====== INFORMATION SHOWN

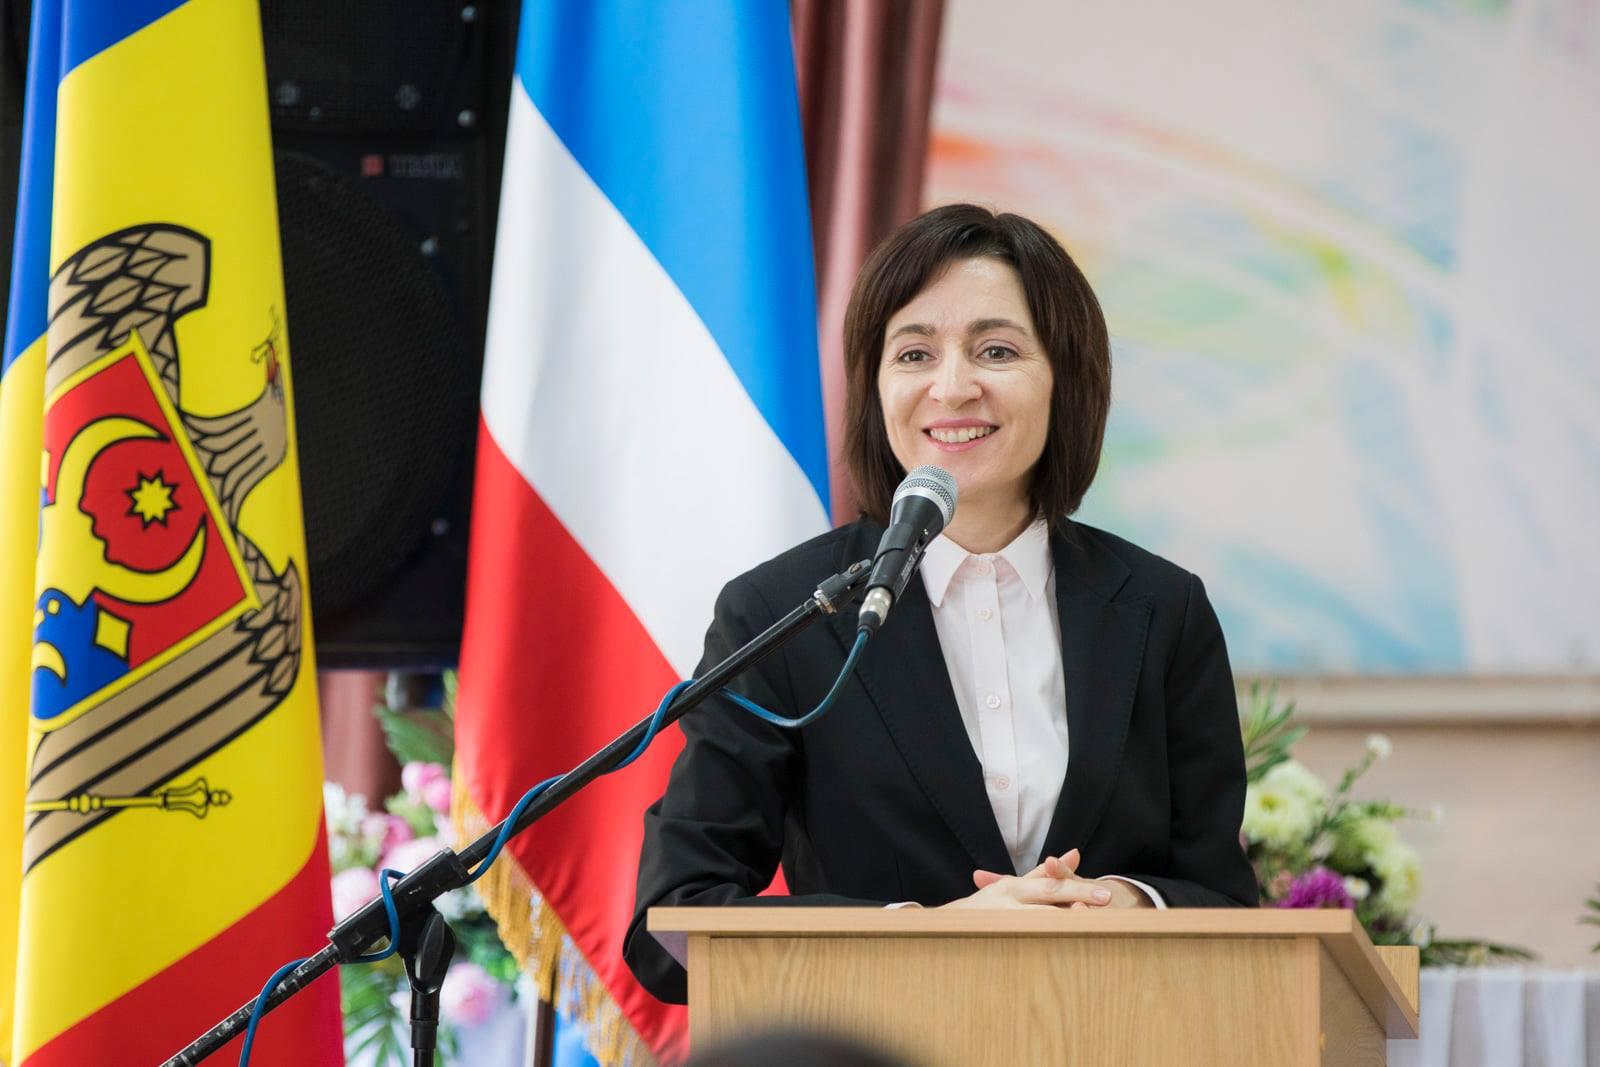 Maia Sandu a fost învestită în funcţia de preşedinte al Republicii Moldova
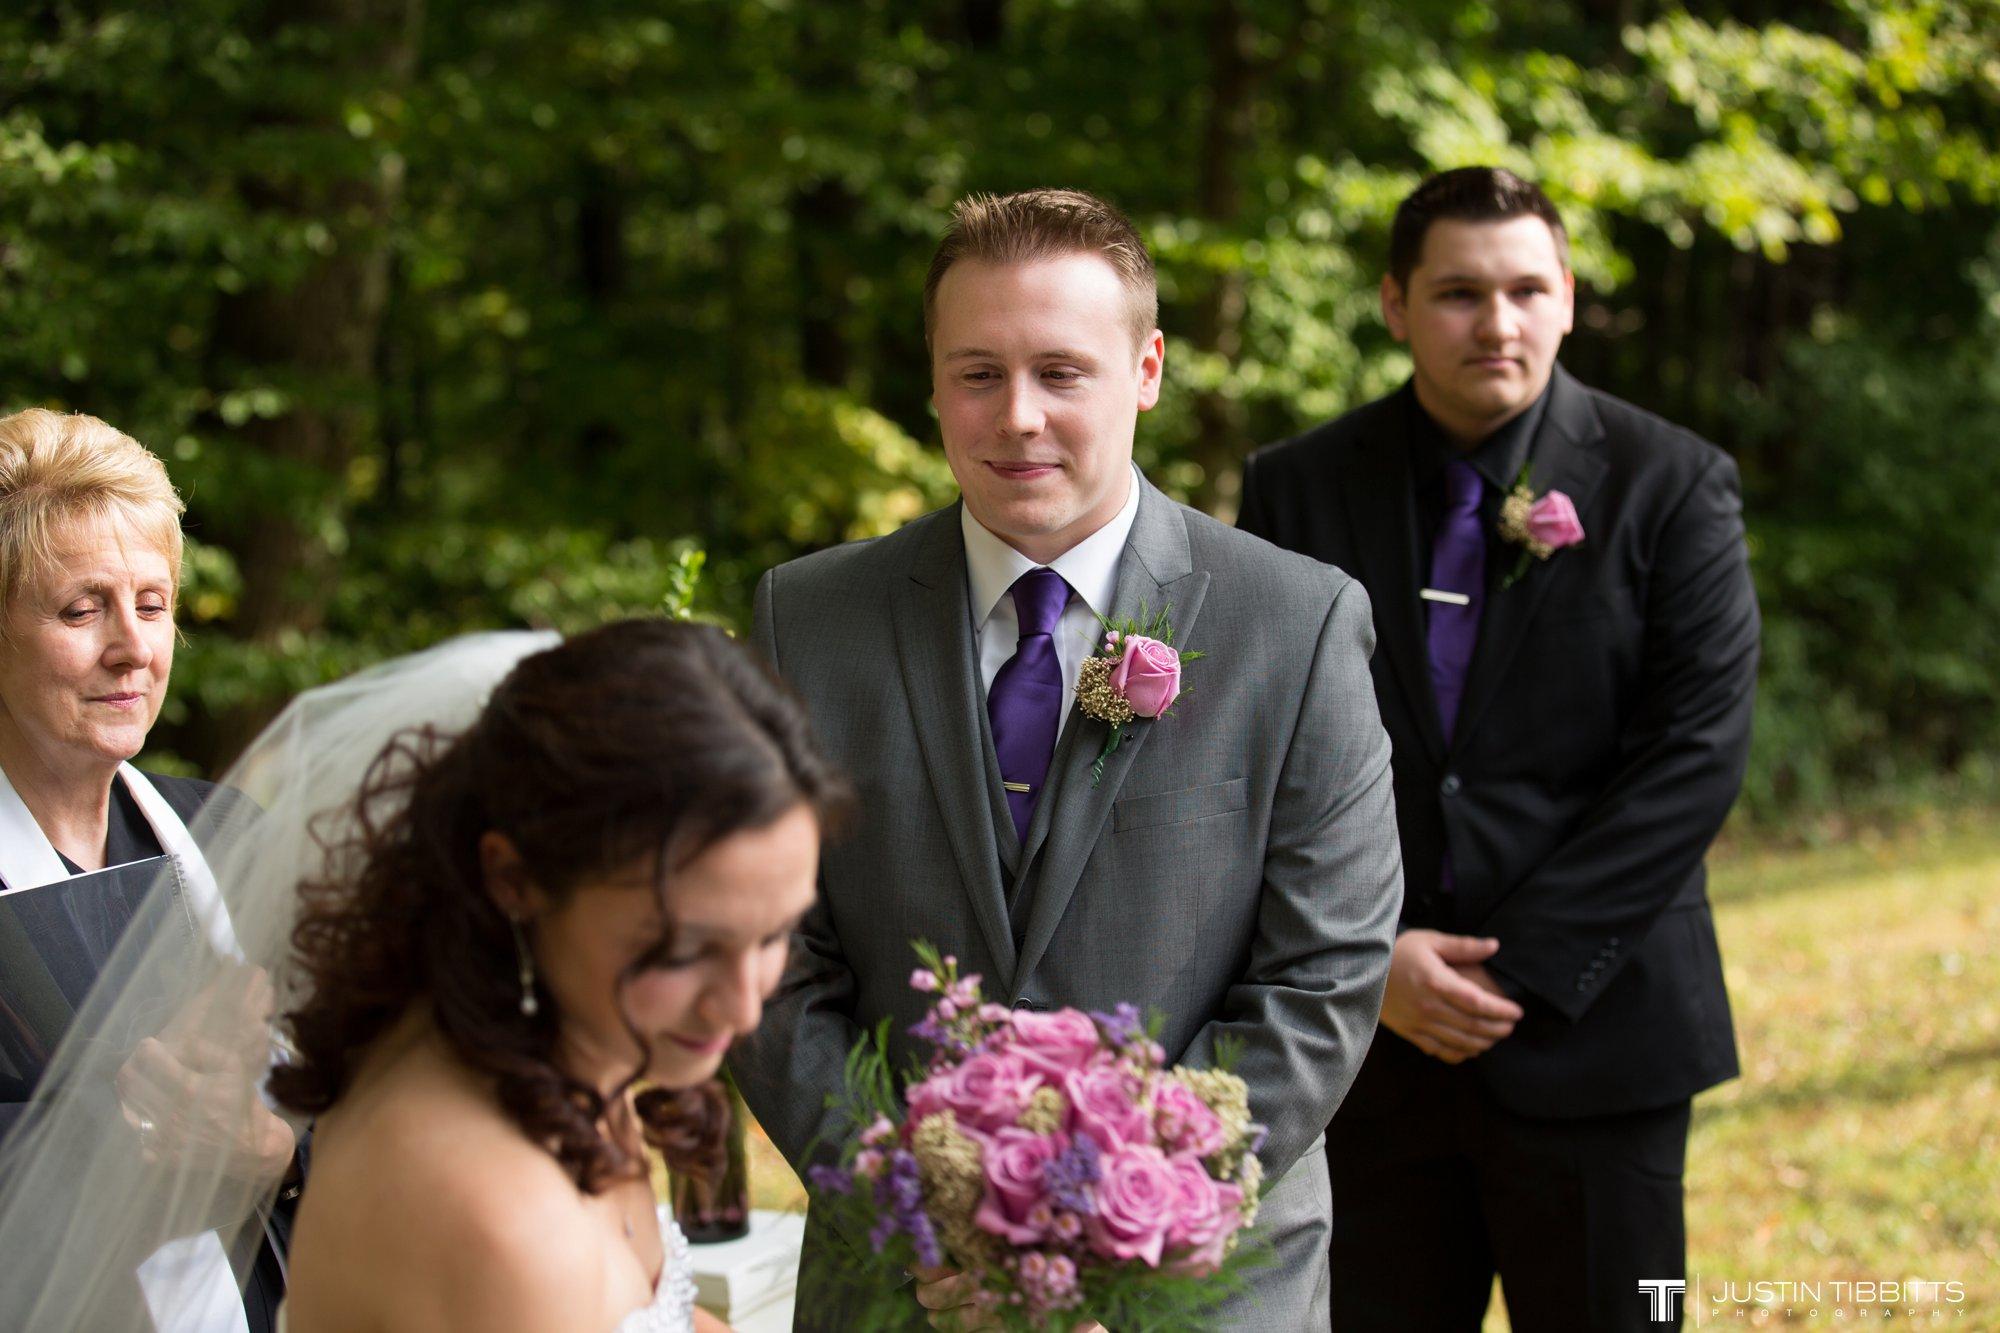 Justin Tibbitts Photography Rob and Brittany's Averill Park, NY Wedding_0376
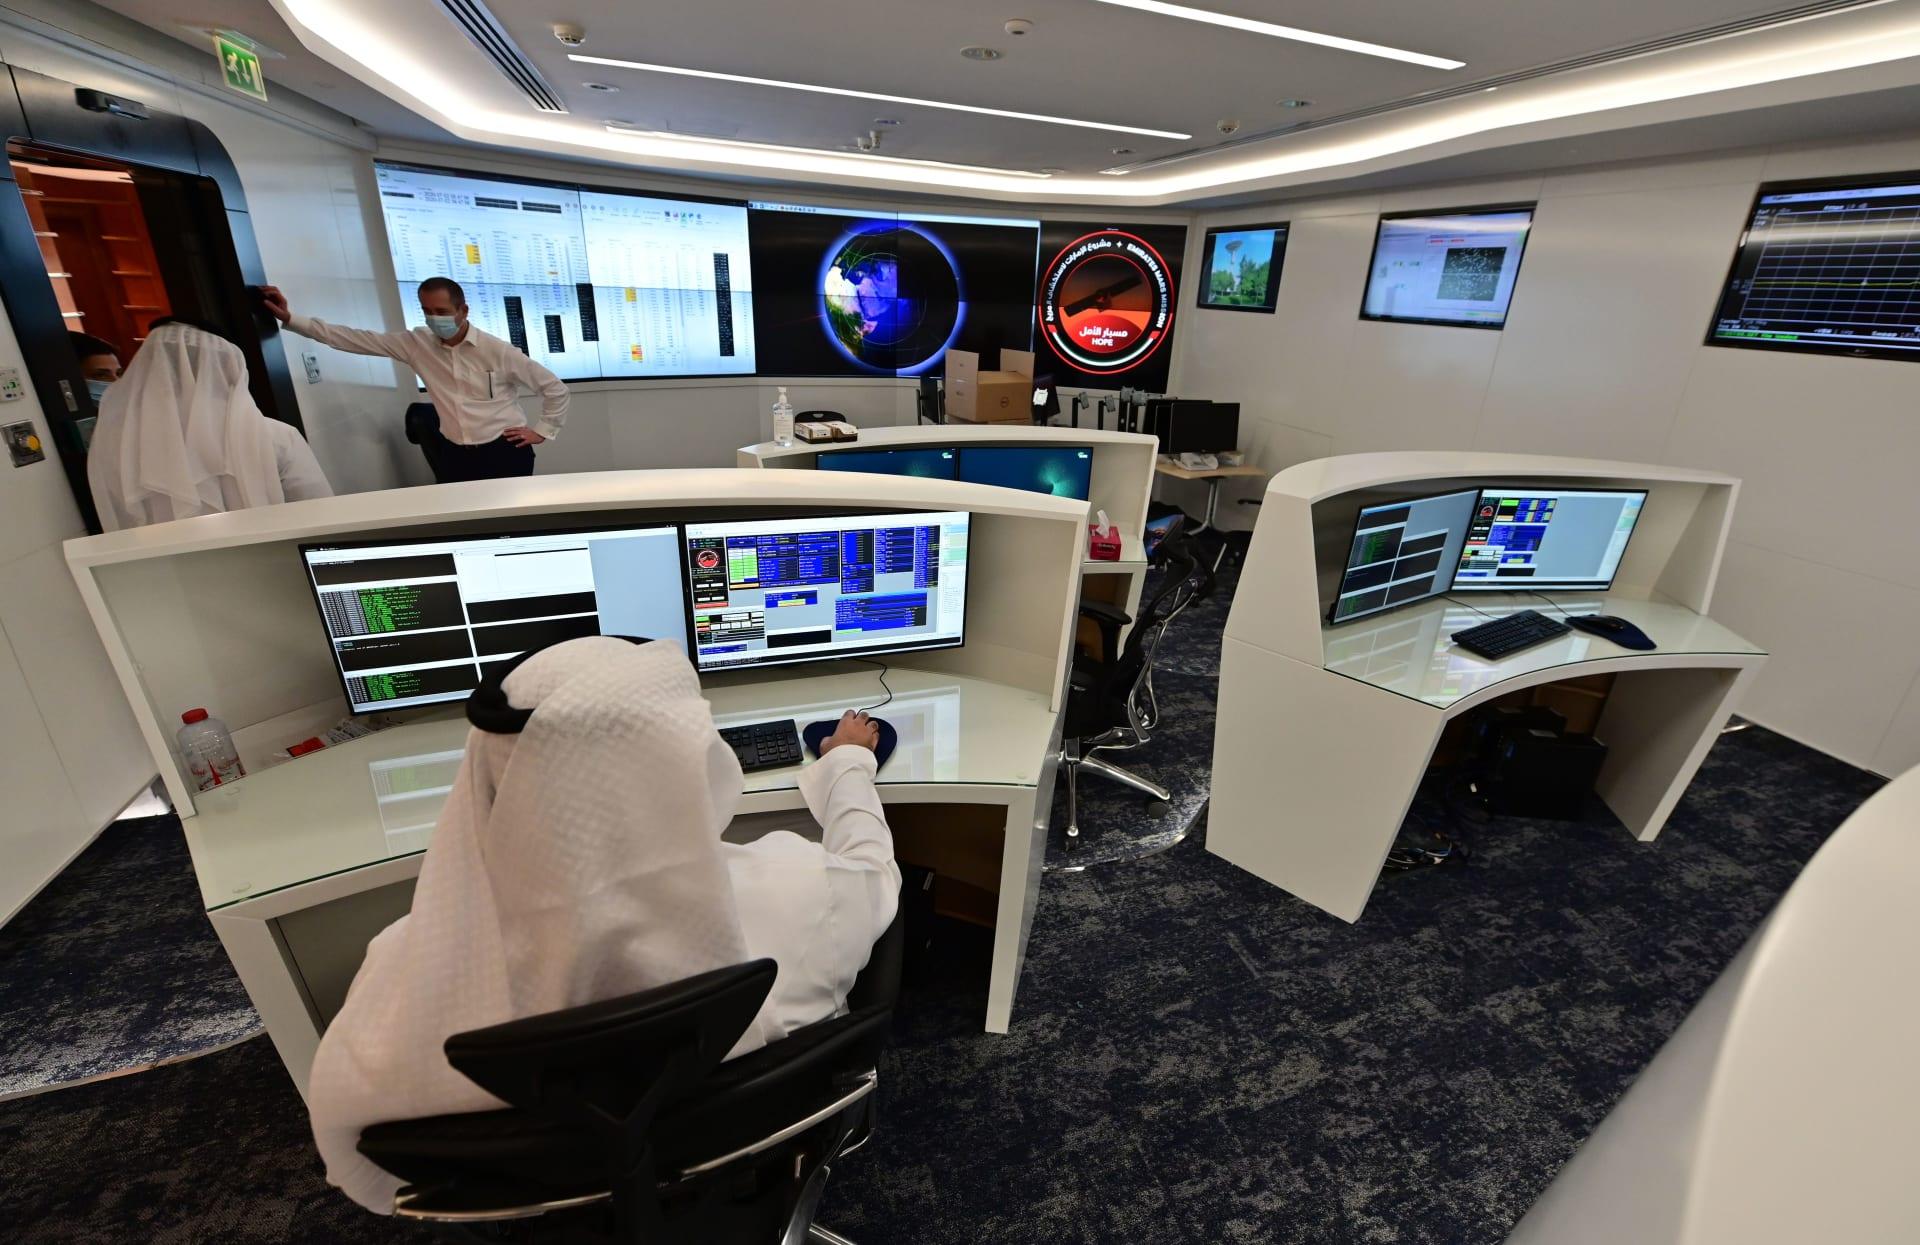 ما هي أبرز المزايا التي تقدمها الشركات في الإمارات لموظفيها؟
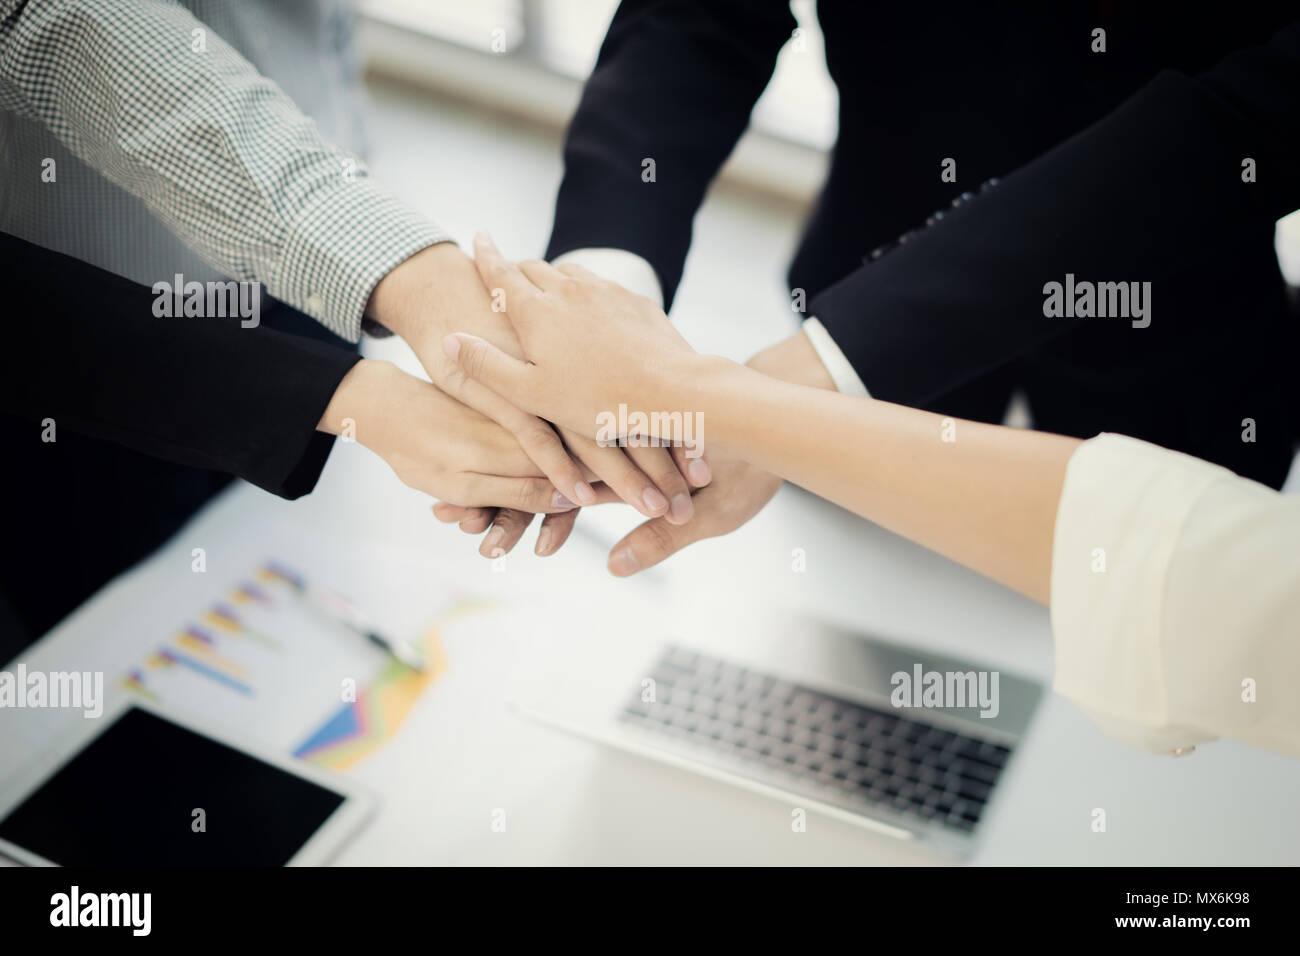 Close up Vue de dessus des jeunes gens d'affaires de mettre leurs mains ensemble. Pile de mains. L'unité et de l'équipe concept. Photo Stock

============

PROBLEM TO WORK ON: Please repeat every line of the material above exactly and without its pictures.

REPLY:
 Maia Sandu a fost învestită în funcţia de preşedinte al Republicii Moldova
 Justin Tibbitts Photography Rob and Brittany's Averill Park, NY Wedding_0376
 ما هي أبرز المزايا التي تقدمها الشركات في الإمارات لموظفيها؟
 Close up Vue de dessus des jeunes gens d'affaires de mettre leurs mains ensemble. Pile de mains. L'unité et de l'équipe concept. Photo Stock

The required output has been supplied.